● Requirement
Take the lines below from the one with "Dumpling festival art and craft" through the one with "Clarks Sandal Clog" and print only them, exactly. Don't print the pictures.

● Records provided
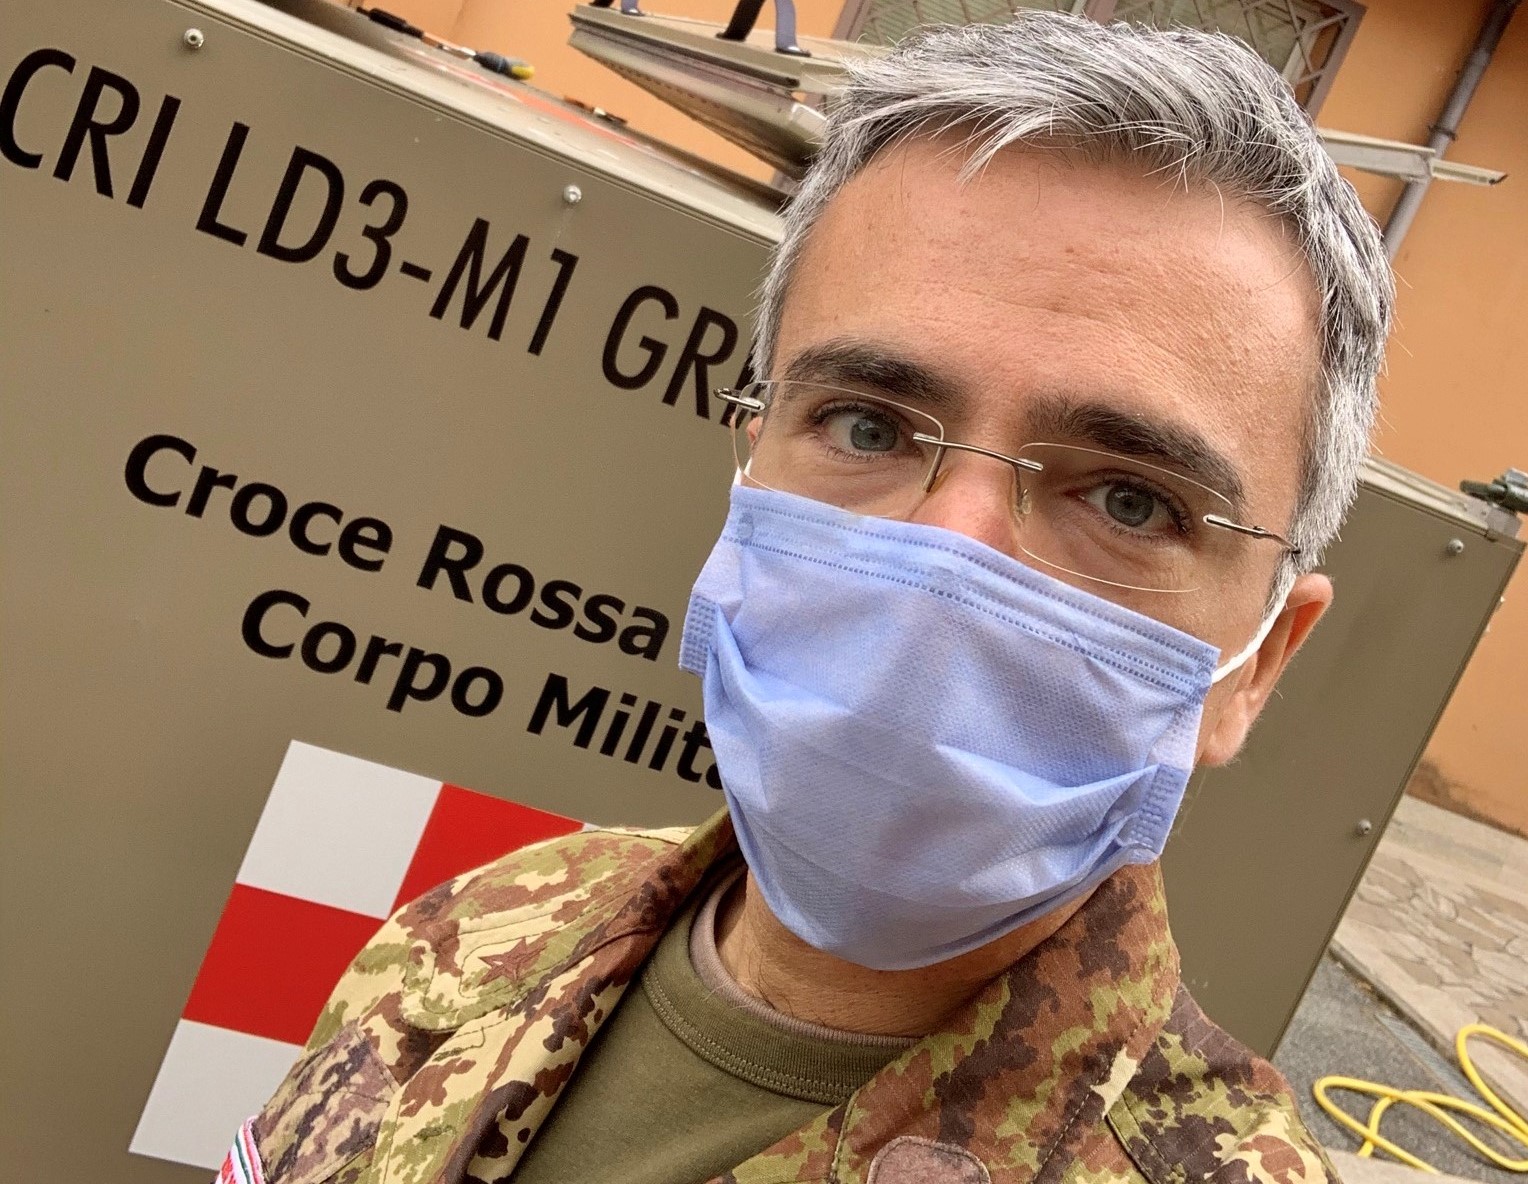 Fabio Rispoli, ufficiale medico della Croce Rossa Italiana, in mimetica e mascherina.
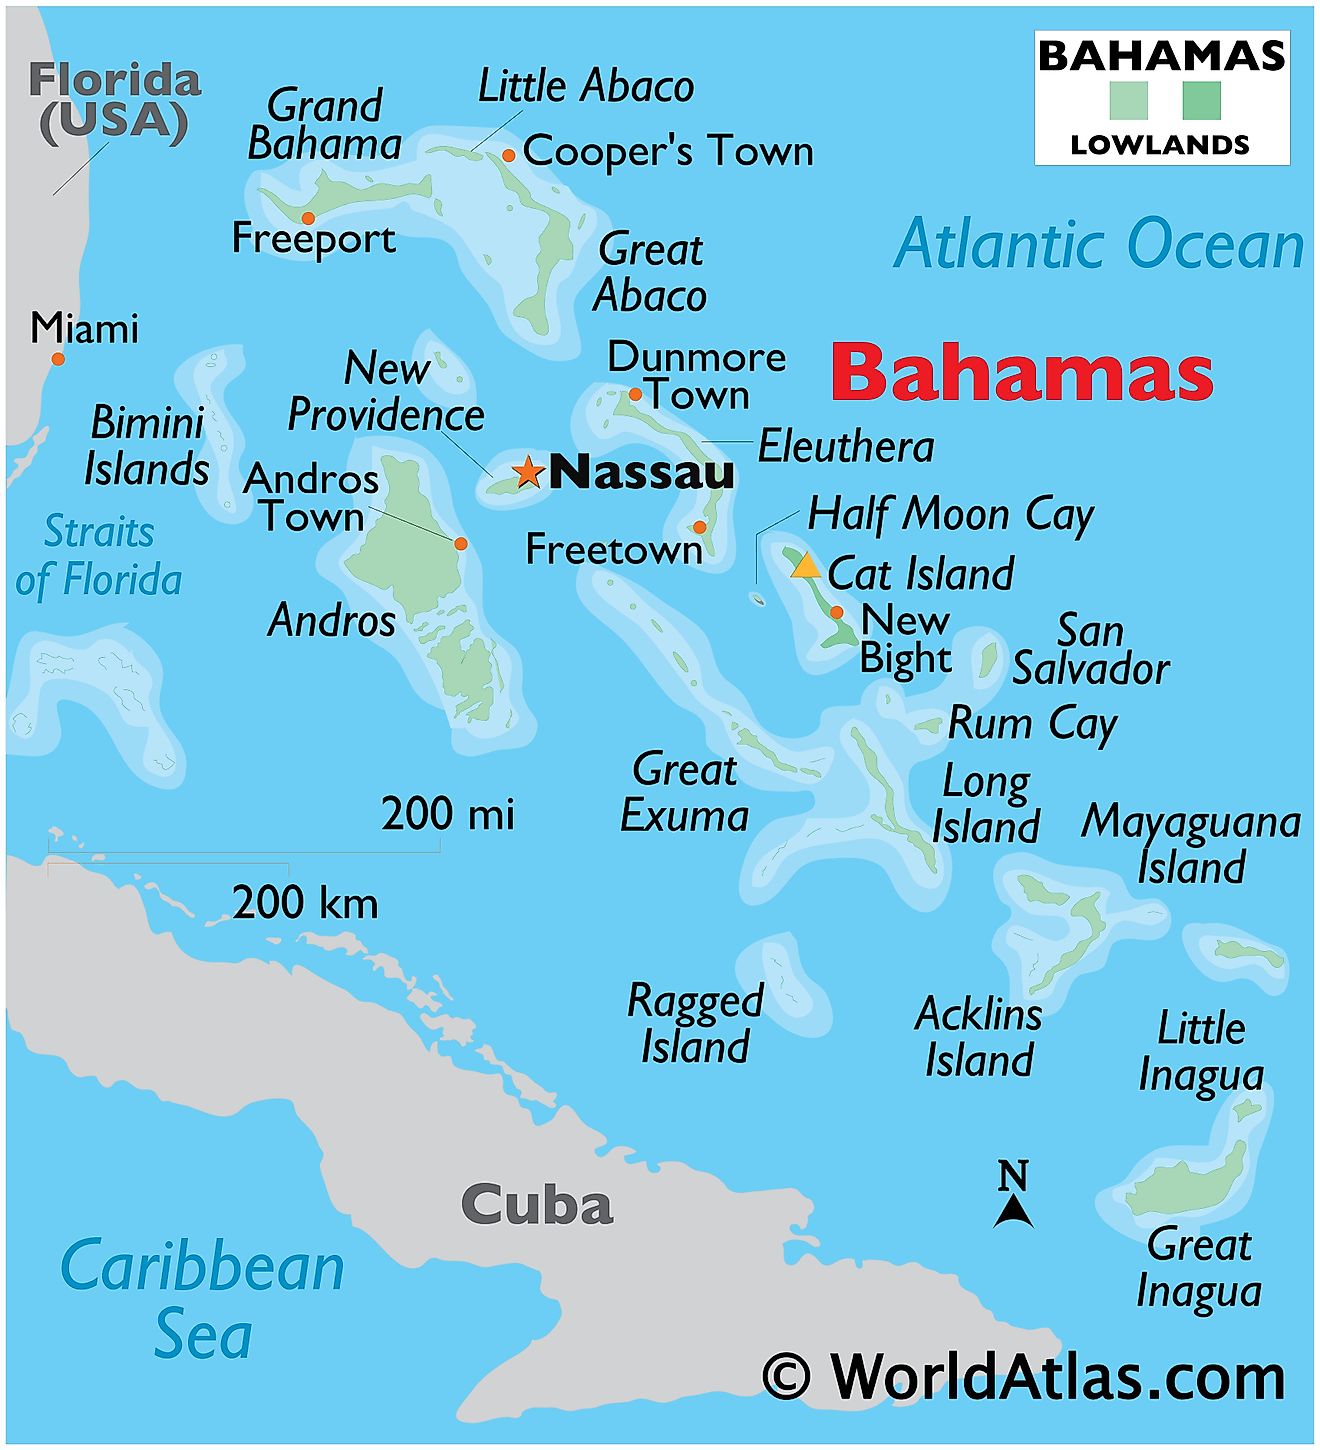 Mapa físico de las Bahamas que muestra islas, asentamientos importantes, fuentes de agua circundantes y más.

...

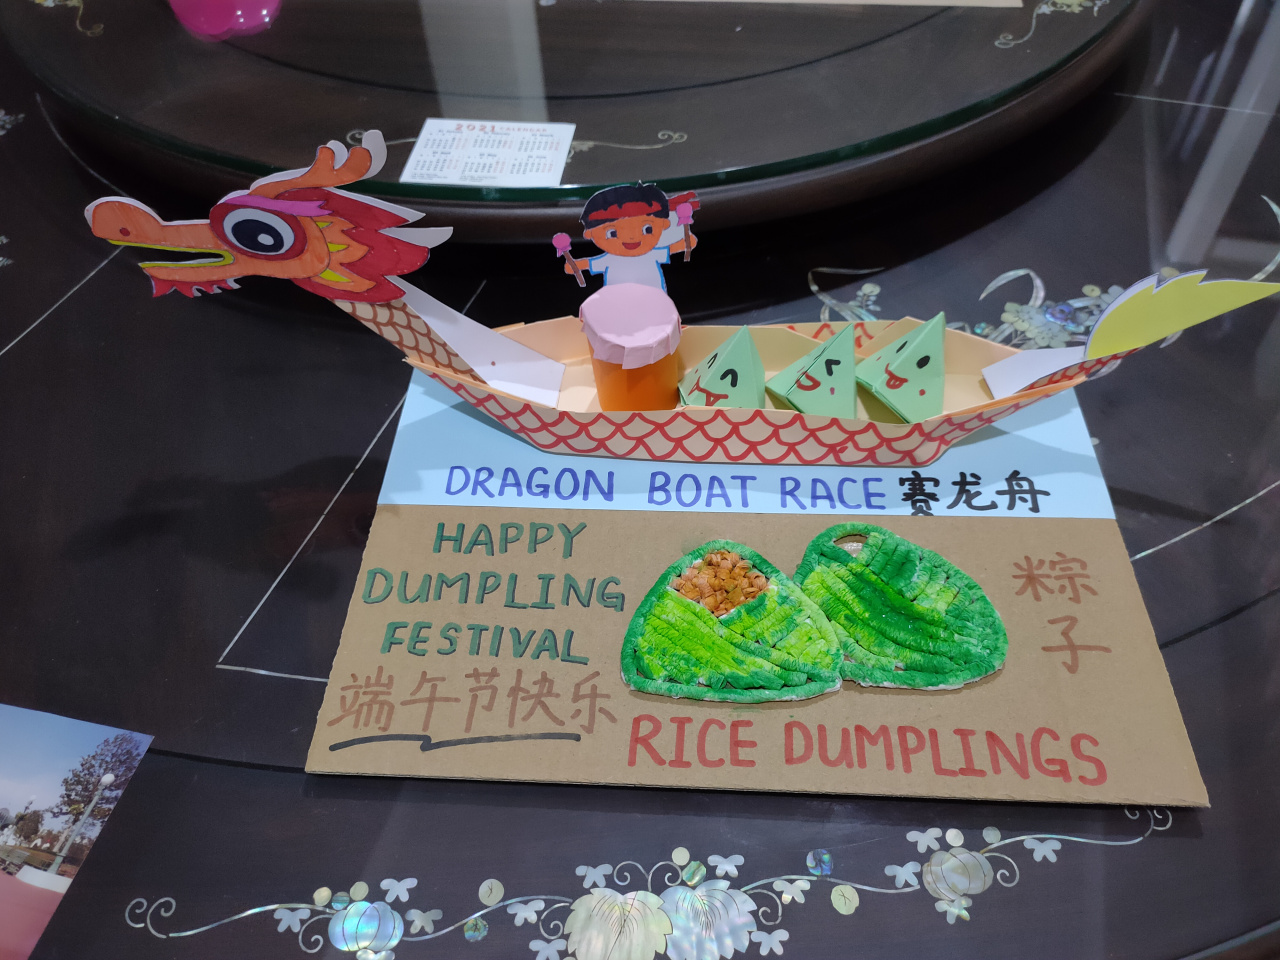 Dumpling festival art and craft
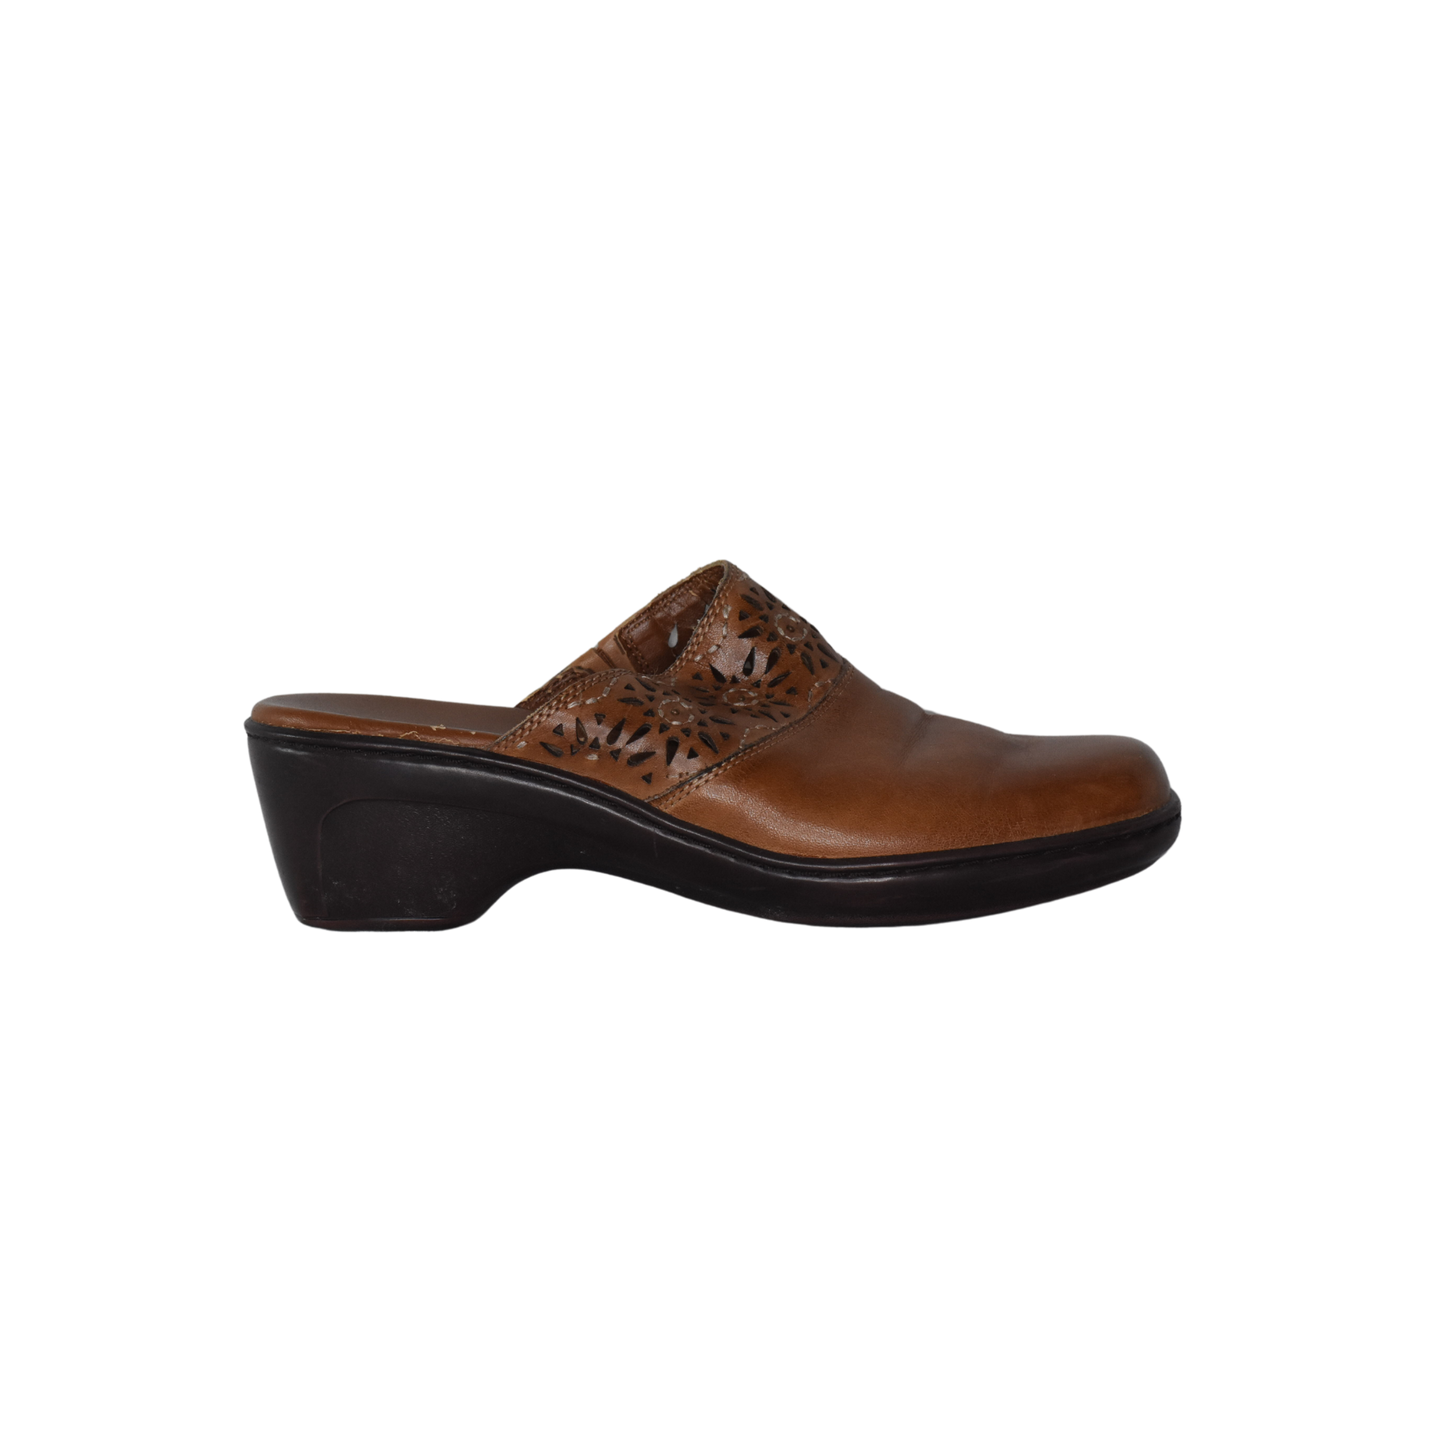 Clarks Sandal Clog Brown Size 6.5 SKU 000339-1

● Solution to the problem
 Dumpling festival art and craft
 Clarks Sandal Clog Brown Size 6.5 SKU 000339-1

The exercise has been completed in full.